Although researchers are testing vaccines against Ebola in people in West Africa, none are approved. Hotez and colleagues at Baylor have developed an experimental vaccine against SARS, but it's never been tested on people.

There is also no vaccine against H7N9 bird flu, which emerged in 2013 and which has killed 212 of 571 people infected, according to the WHO.

Scientists have developed licensed vaccines for just two of the emerging viruses: H1N1 influenza, which emerged in 2009, and H5N1 bird flu, which emerged in 1997 and has killed 447 of 840 people infected.

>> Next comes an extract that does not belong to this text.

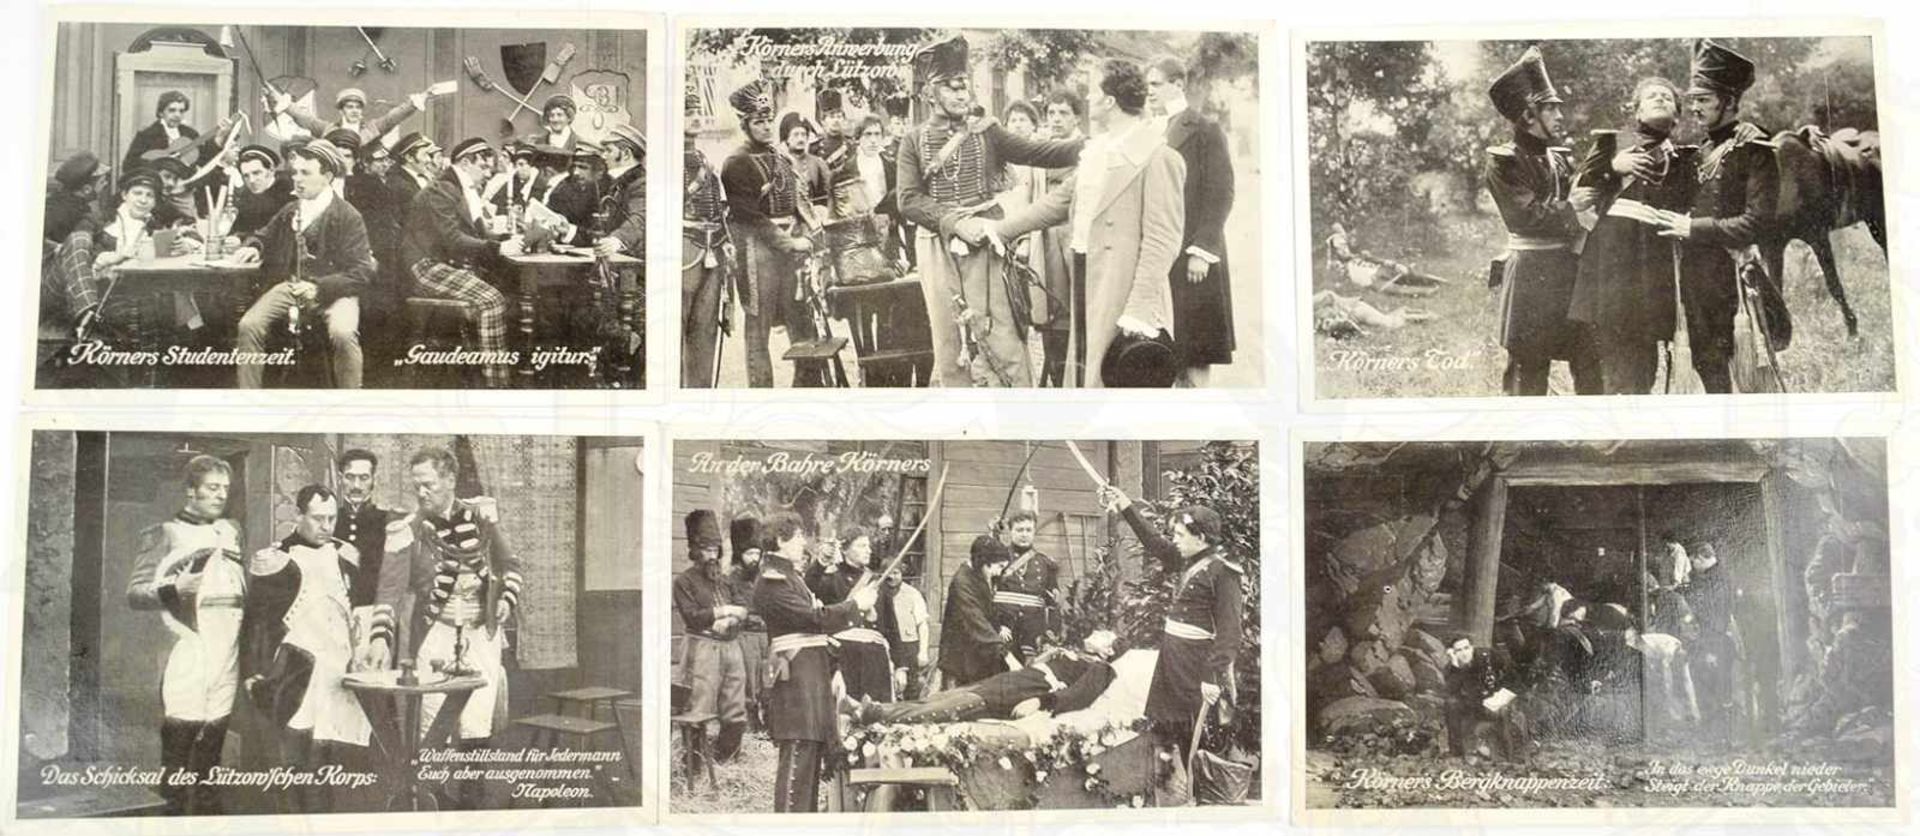 10 LICHTDRUCK-AK THEODOR KÖRNER EIN HELDENLEBEN, Verlag Baumann, Bln. 1913, Szenen aus seinem Leben,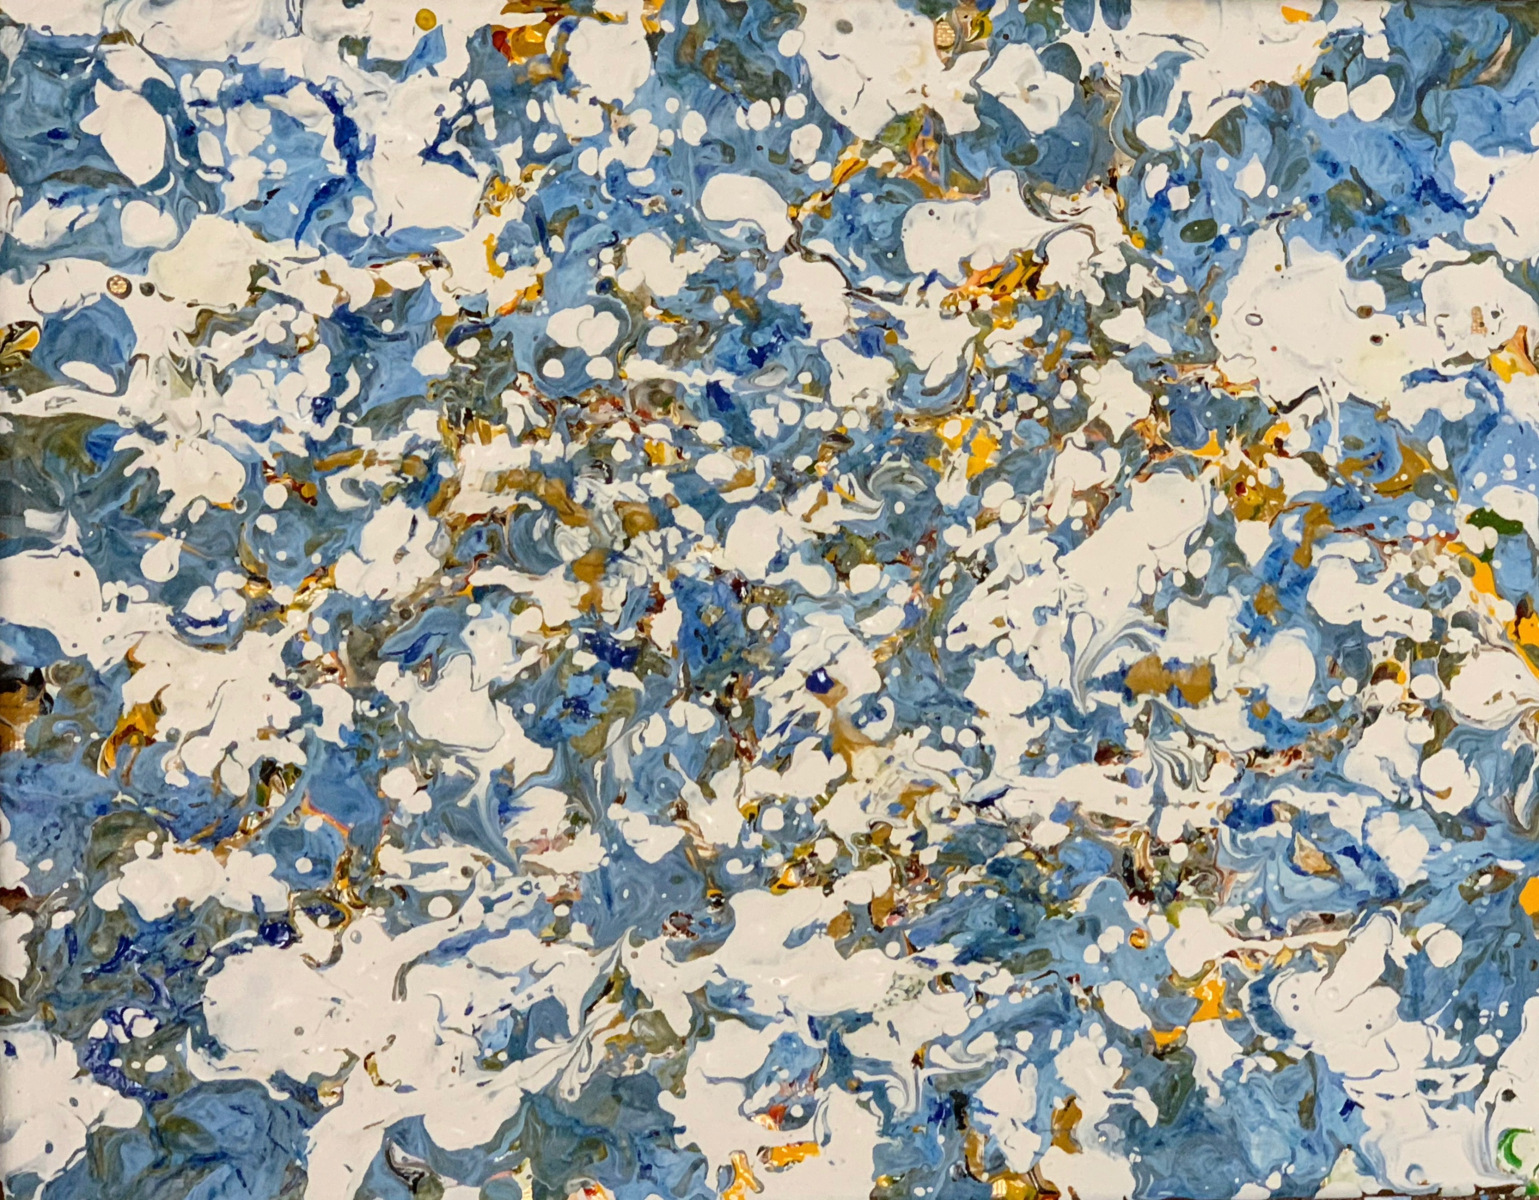 Pebbles#4, 11x9" acrylic on canvas$900

The flu shots used this year protected against H1N1.

The vaccine against H5N1 could be used in the event of an outbreak. While people have been infected with H5N1 and H7N9 through exposure to infected poultry, neither of these viruses spreads easily from person to person, which has so far limited the extent of outbreaks.

The biggest hurdles to creating new vaccines are not scientific, but financial, Hotez said.

Scientists laid the groundwork for an effective Ebola vaccine years ago, but until the disease broke out in West Africa last year, drug companies had little interest in developing the vaccines.

The South Korean outbreak could provide momentum for new research on MERS. The country's experience suggests MERS may have the potential to become a pandemic, said Shibo Jiang, director of the Institute of Medical Microbiology at Fudan University in Shanghai.

Until now, scientists thought MERS had little potential to spread widely because infections seemed to require very close contact. Many patients never infected anyone. Others infected only their care givers, such as hospital nurses or relatives living in the same home. In South Korea, however, the first patient infected 26 people.